Another limitation is the interpretation of the initial ECGs solely as isolated tracings in this study without comparing them with the previous ECG tracings. Also, the notations of dynamic ECG changes during the emergency course were not recorded and were unavailable to the readers to interpret the initial ECGs. However, in the actual practice, a comparison of the initial ECGs with prior ECGs might contribute to the delay in hyperkalemia therapy administration. Also, there is potential for confounding factors in the interpretation of ECGs that might modify the ability of physicians to predict hyperkalemia since several ECG alterations could be attributed to other causes than hyperkalemia or ECG changes due to other conditions might mask the ECG signs of hyperkalemia. These confounding factors included other electrolyte abnormalities, such as calcium and magnesium, CKD, hemodialysis, and drugs such as digitalis, metabolic acidosis, and myocardial ischemia that might mask the ECG changes suggestive of hyperkalemia. However, this study collected and included the patients’ comorbidities, used medications, ABG measurements, and cardiac ischemic injury serum markers. Finally, the time to hyperkalemia treatment was calculated based on the triage time and the first hyperkalemia therapy administration by the nurse.
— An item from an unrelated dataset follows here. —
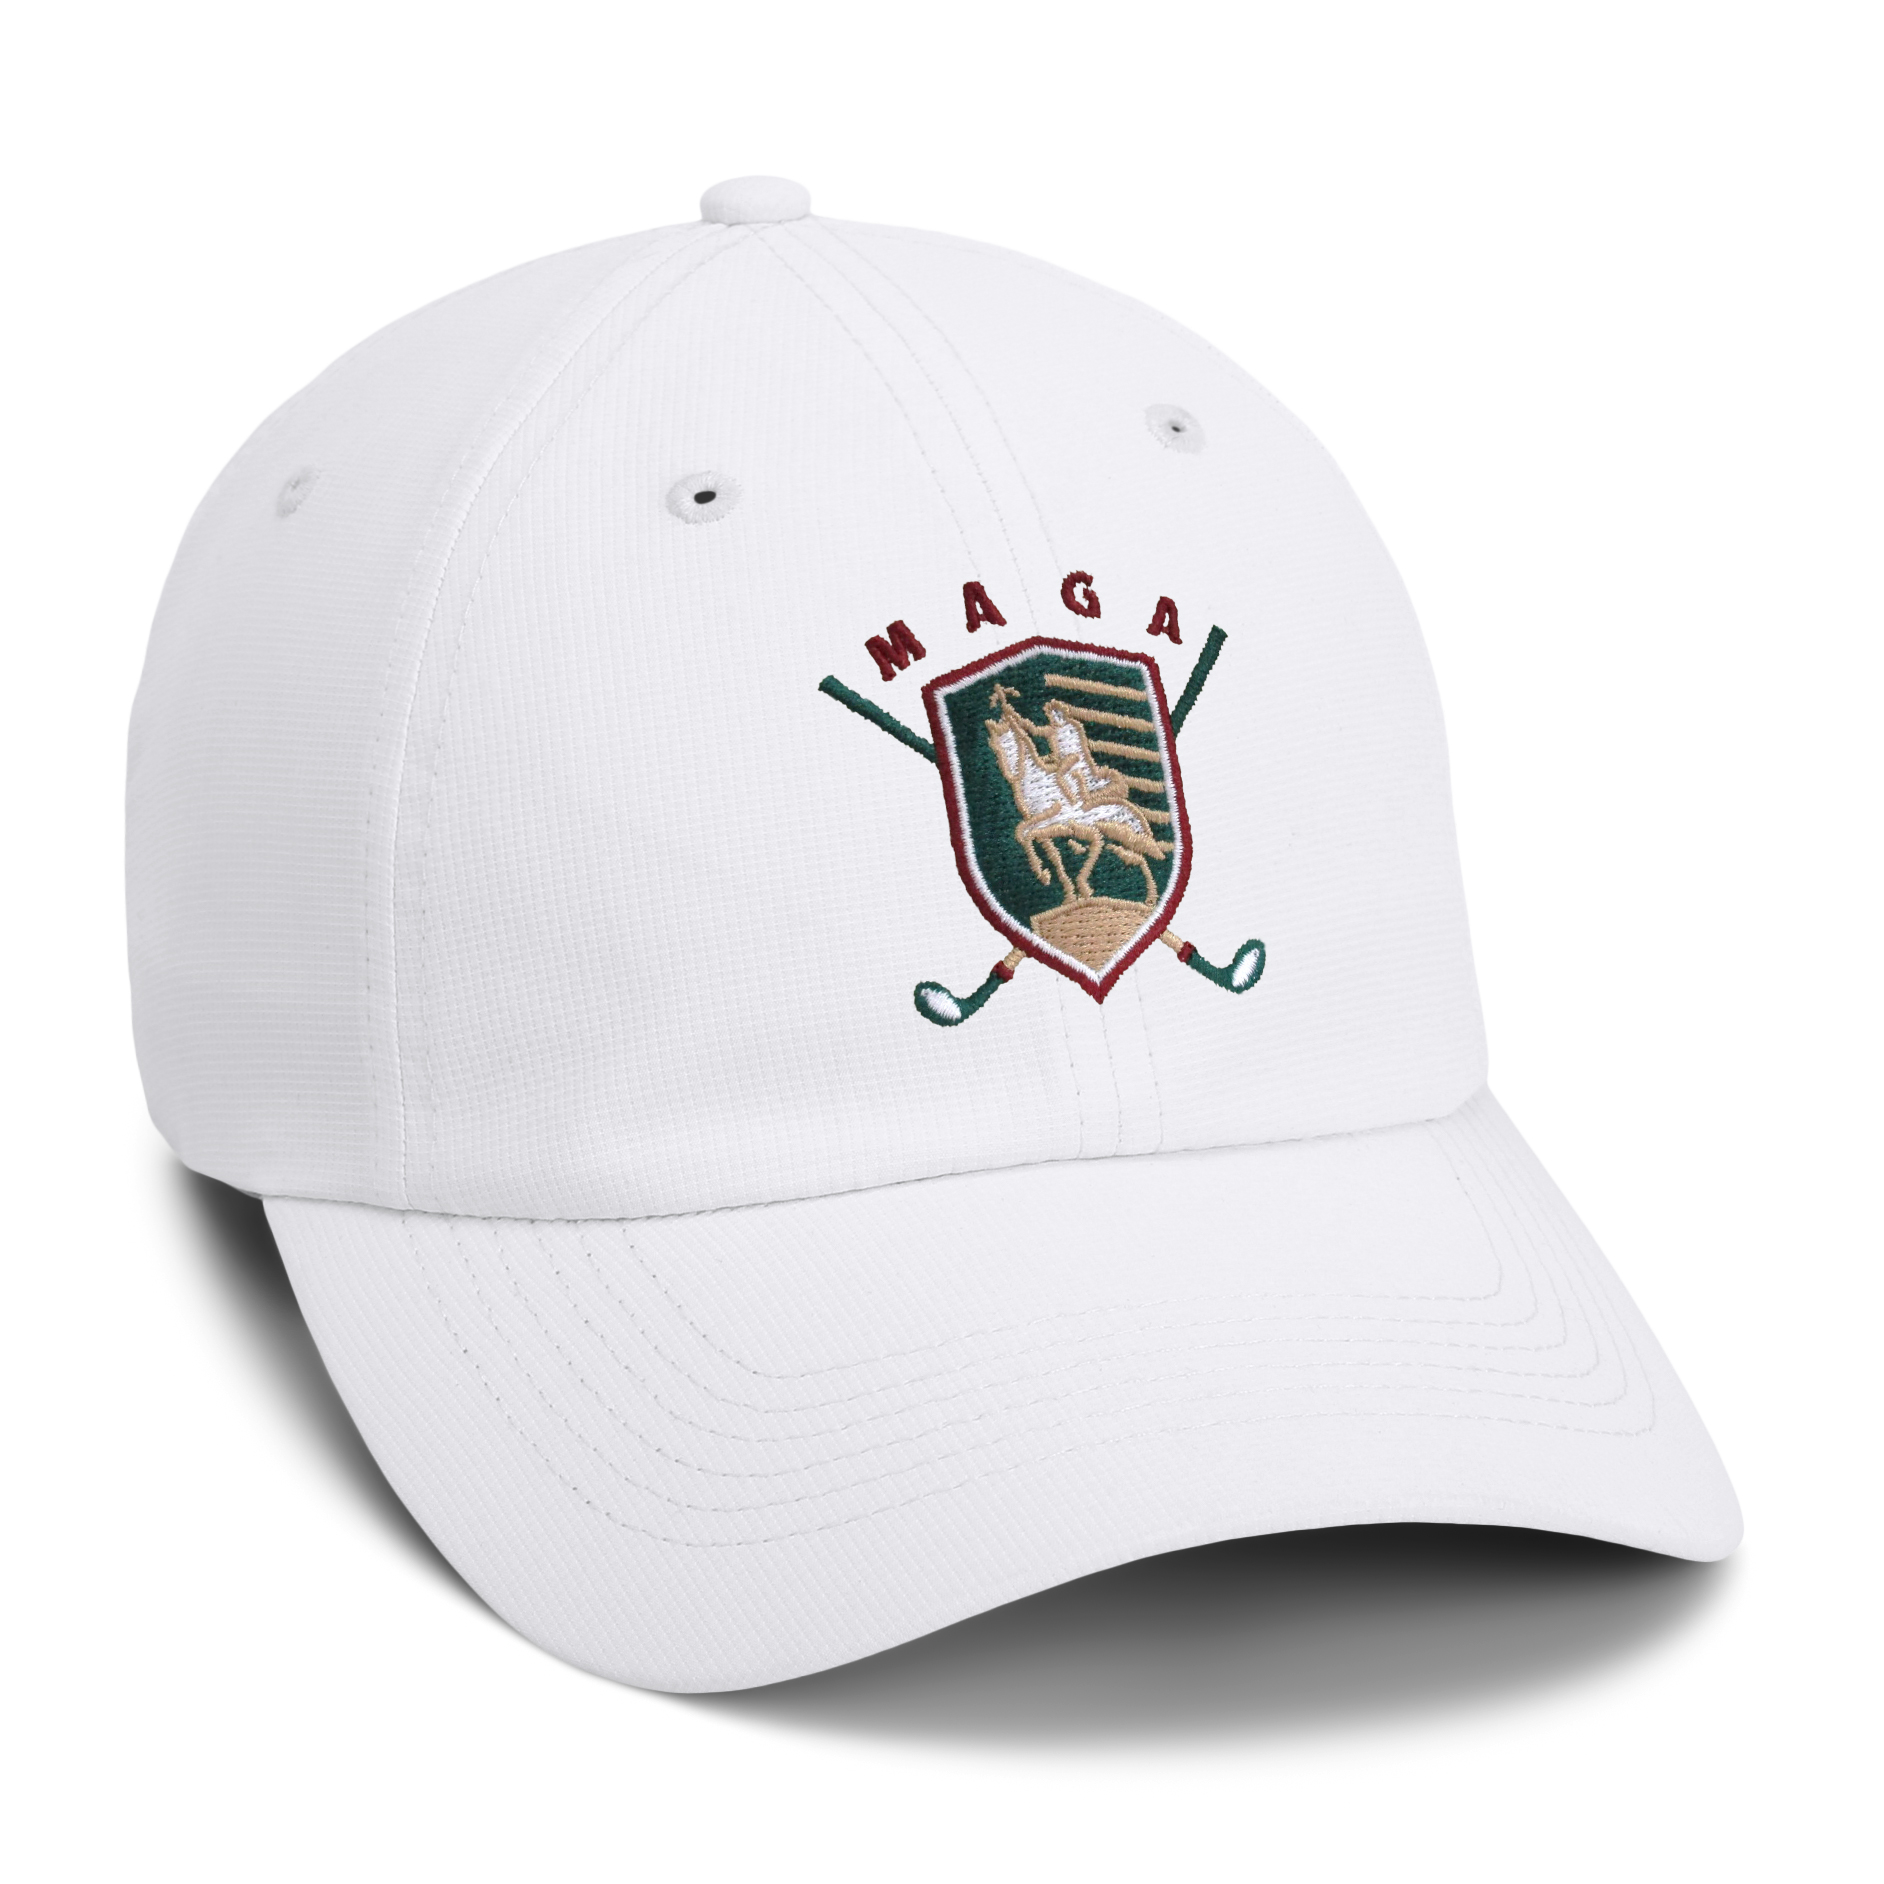 St. Louis Cardinals Imperial Golf Hat

This methodology could mask other potential causes for delay in hyperkalemia treatment, such as the time spent before triage and the time between physician order and nursing administration of treatment. Further prospective larger-scale studies examining the ECG alterations suggestive of hyperkalemia in hyperkalemic patients compared with normokalemia individuals with attention to other electrolytes levels would be needed to confirm our findings.